* **Source material**:

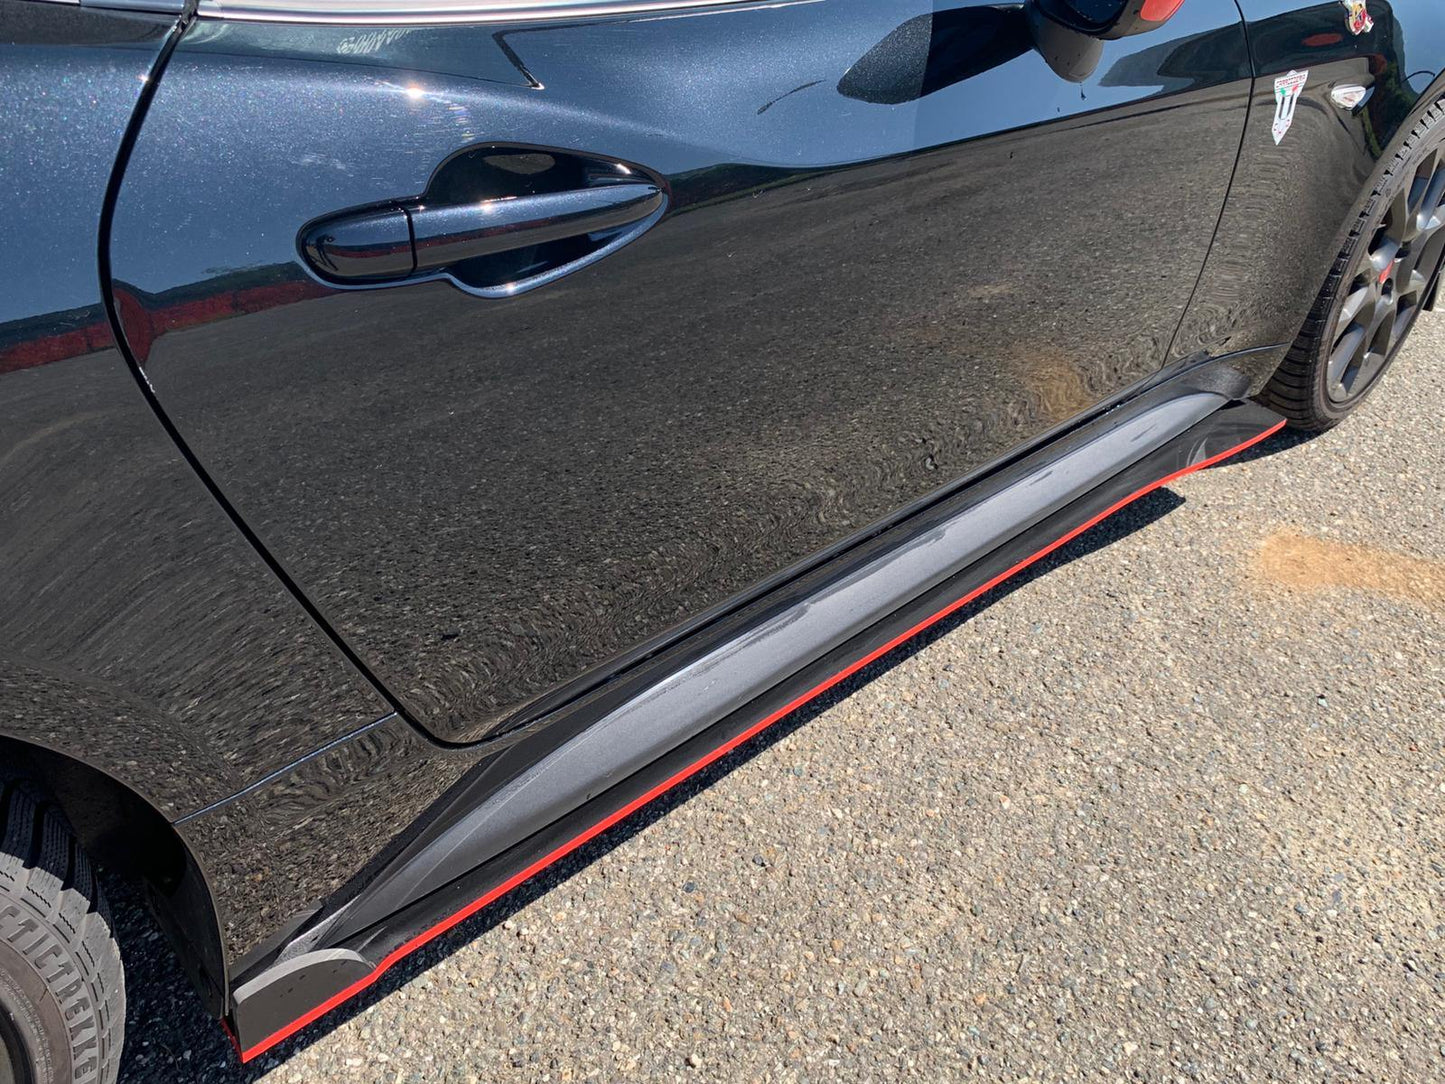 CHD Tuning Side Skirts for Abarth 124 Spider - Abarth Tuning
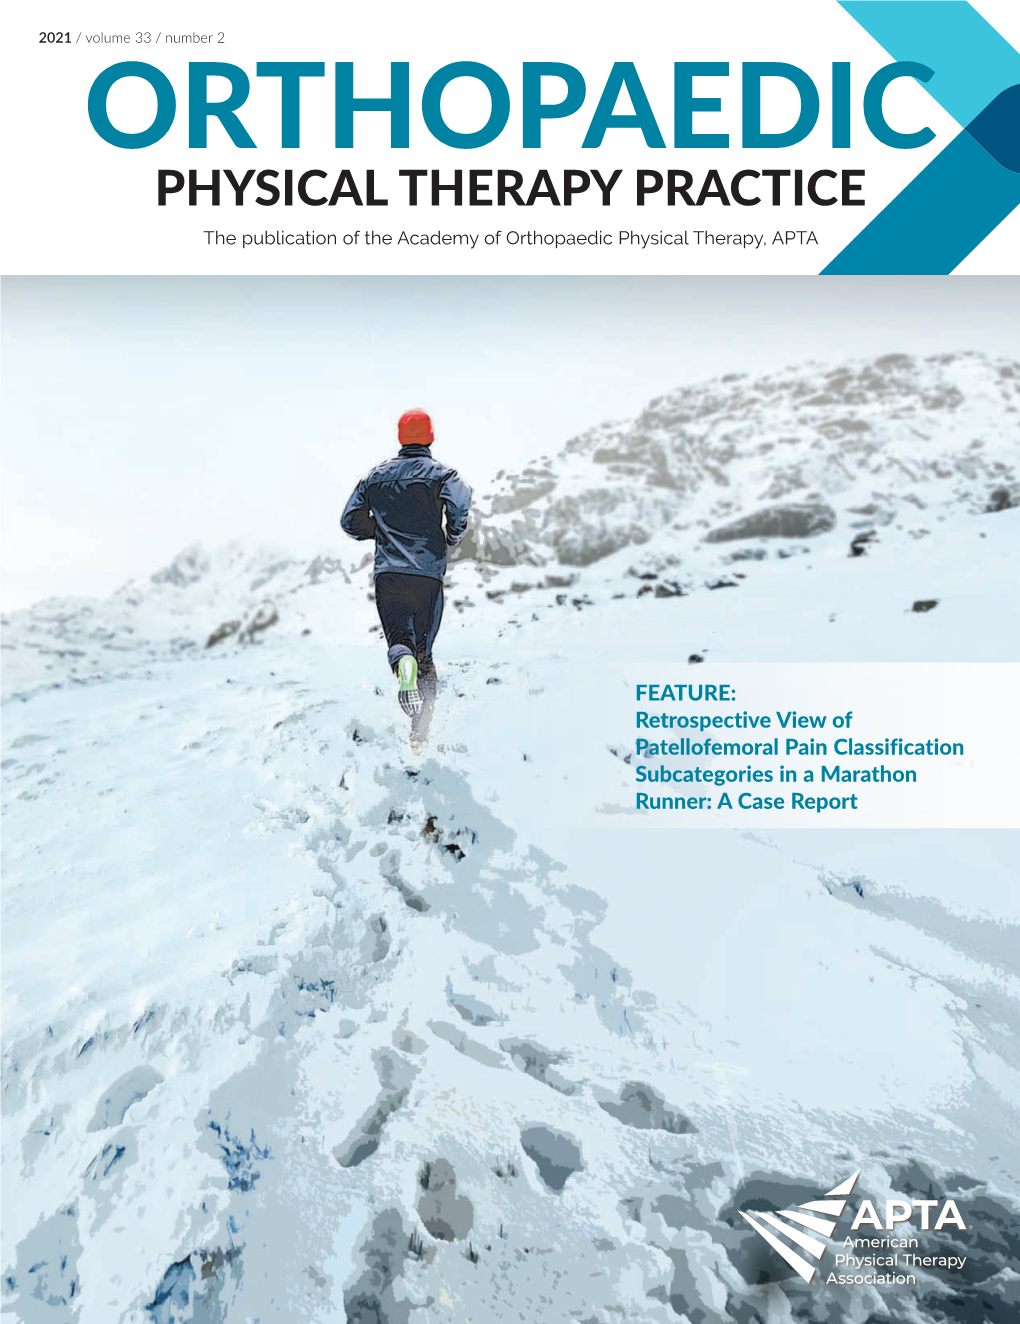 PHYSICAL THERAPY PRACTICE the Publication of the Academy of Orthopaedic Physical Therapy, APTA
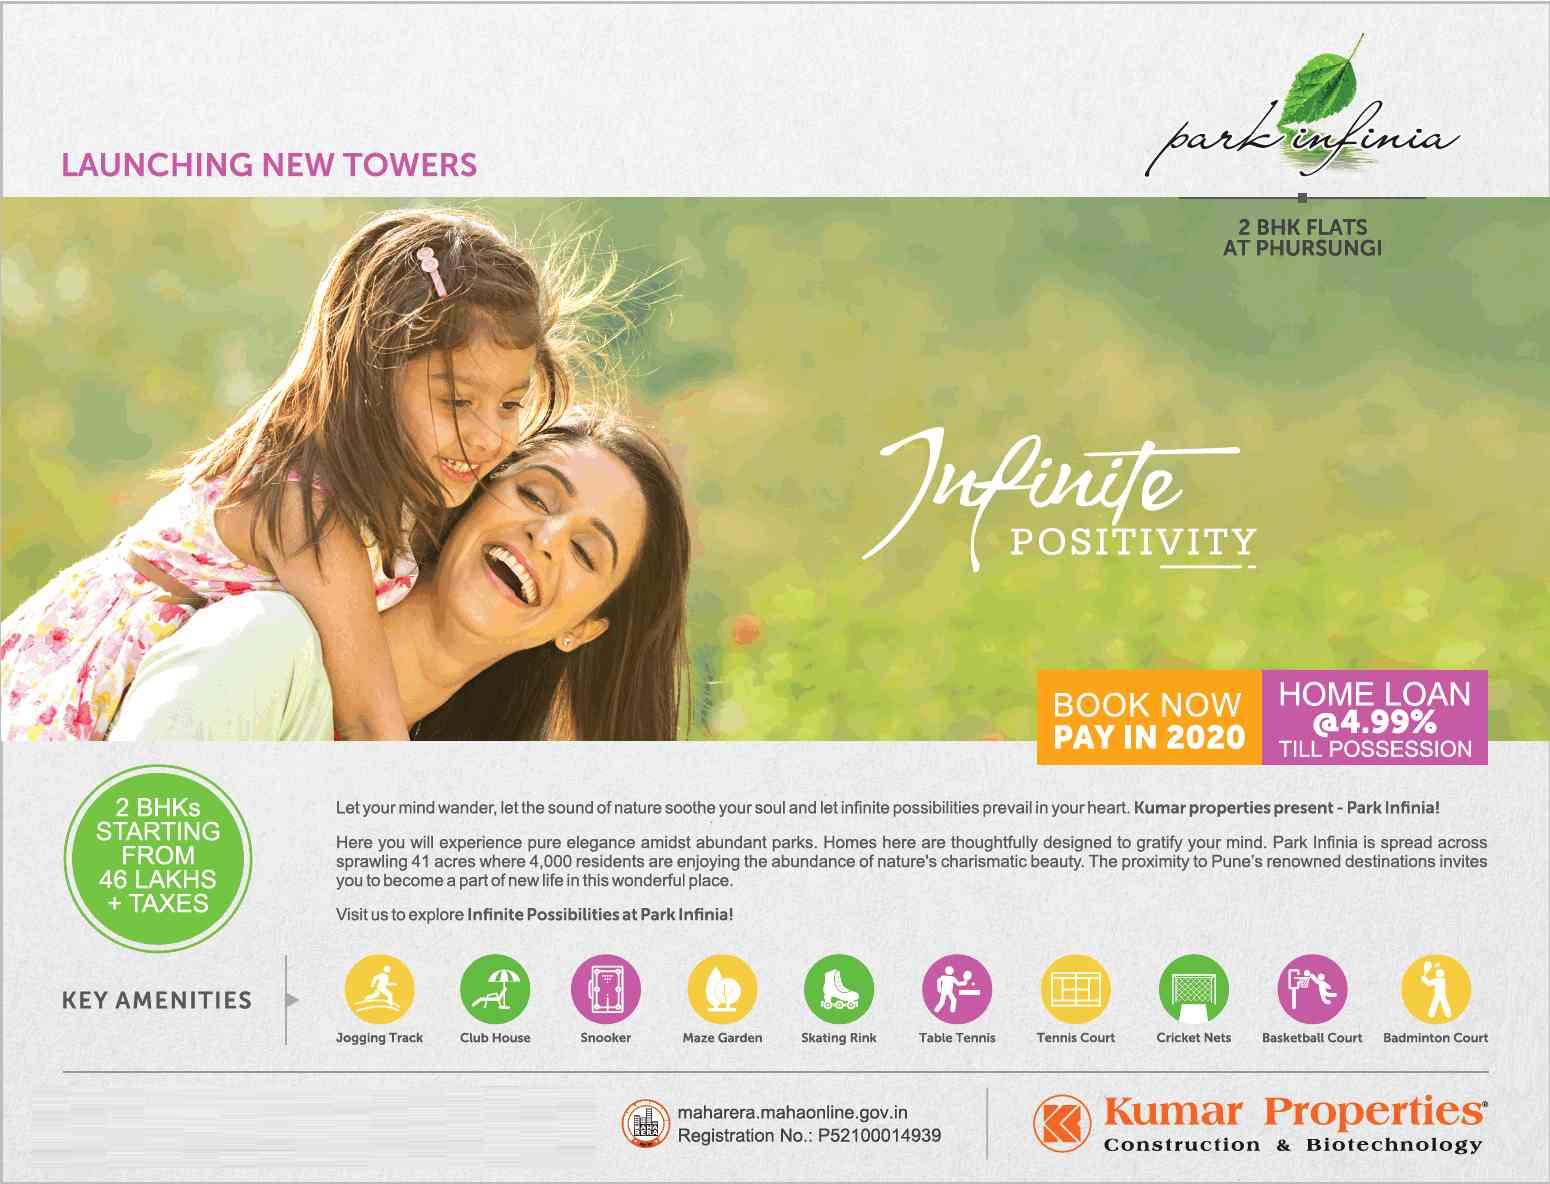 Book now & pay in 2020 with home loan @ 4.99% till possession at Kumar Park Infinia in Pune

* **Exercise objective**:
Every line from the one with "PHYSICAL THERAPY PRACTICE" through the last line of the data must be copied exactly. Leave the pictures out.

* **Your solution**:
 PHYSICAL THERAPY PRACTICE the Publication of the Academy of Orthopaedic Physical Therapy, APTA
 Book now & pay in 2020 with home loan @ 4.99% till possession at Kumar Park Infinia in Pune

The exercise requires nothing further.